A heavily armed federal assault team in the form of a lone congenial ranger stopped and asked us to quit punching holes in the Salt Flats.

He was polite about his jack-booted oppression, explaining that hammering holes in the flats wasn't ecologically sound. There was also the little matter of us not having the appropriate permit to be stupid on federally managed land.

Sonny and I (but especially I) don't like being told what to do. We weighed our rights and concluded that blowing [stuff] up for laughs wasn't worth taking hostages or getting shot. So we agreed to stop.

On the way home, we loudly defended our sacred and God-given Second Amendment rights to bear cannon. We worked ourselves into the idea of forming an armed militia. Then Sonny spotted a sign for truck-stop nachos. After that we sort of lost track of things.

Now the matter has raised its head again. In the wake of the violent confrontation between police and the Ammon Bundy bunch in Oregon, I've tried to think of a law so unfair that I'd be willing to pick a gunfight with police over it.

I got nothing. Maybe it's because I'm a pushover. Or maybe — and please just think about this for a minute — I prefer to pick fights that I actually stand even just a tiny chance of winning.

This explains why Sonny and I didn't chase the BLM ranger off and occupy a piece of the Salt Flats.
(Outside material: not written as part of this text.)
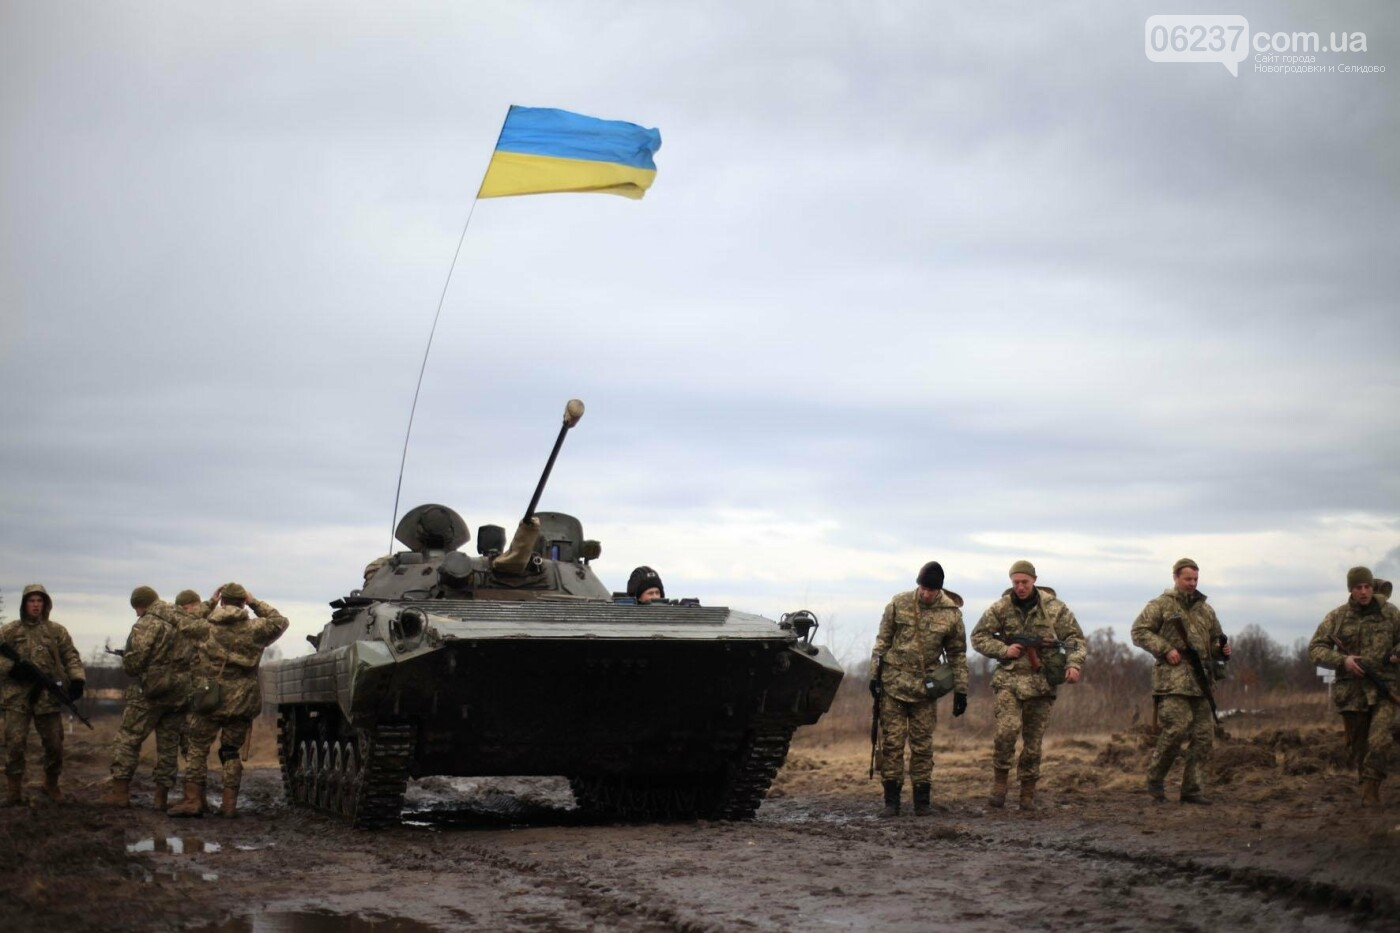 В ООН назвали число погибших с начала конфликта на Донбассе, фото-1

We knew that regardless of how true we believed our cause to be, we were severely outmatched in the long run.

Maybe it's the life I've led, but I long ago realized that when it comes to the threat of violence, there's no such thing as a fair fight. There are only fights you win and fights you lose. And having lost more than a few, I've learned to think at least a couple of inches ahead.
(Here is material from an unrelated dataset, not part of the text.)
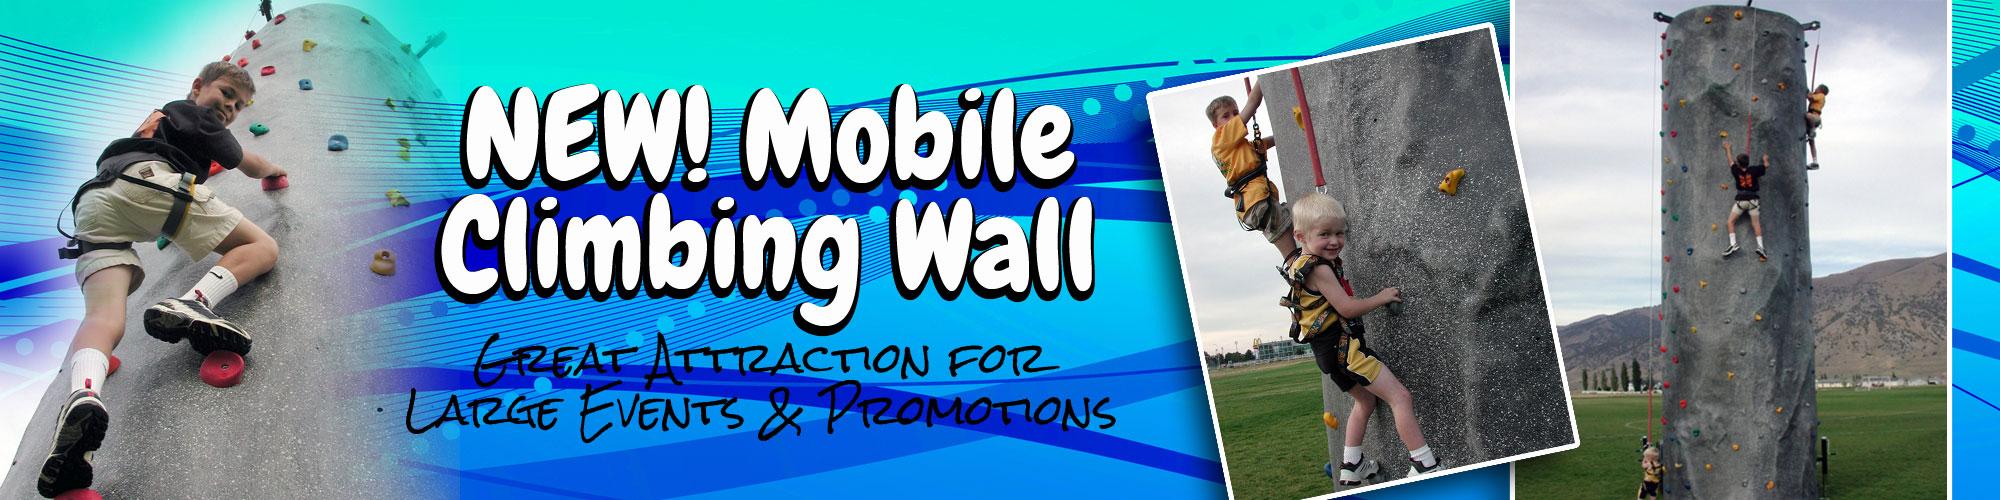 Climbing Wall Rental

Unlike the Bundys, Sonny and I understood that pulling a gun on a federal officer and not running away and hiding immediately thereafter poses several problems, the first of which is the lack of an air force.

An air force is something to think about when picking a fight with a government that can always one-up you in the violence game. Bring a 30.30 Winchester saddle gun to back up your demands and the government will only bring something bigger. Eventually it's going to be something you don't have.

Rally every gun and friend you have to the cause, and you still won't have an armored division. If it ends badly, as these things so often do, it isn't going to be for the side that does have one.

And another thing, public opinion counts for a lot when trying to foment a successful rebellion. People who find you to be an inconvenient pain in the ass when things are relatively peaceful are going to be less generous when the shooting starts.

But what does a guy know who wouldn't shoot at the police, illegally occupy public property or even take hostages for a cause?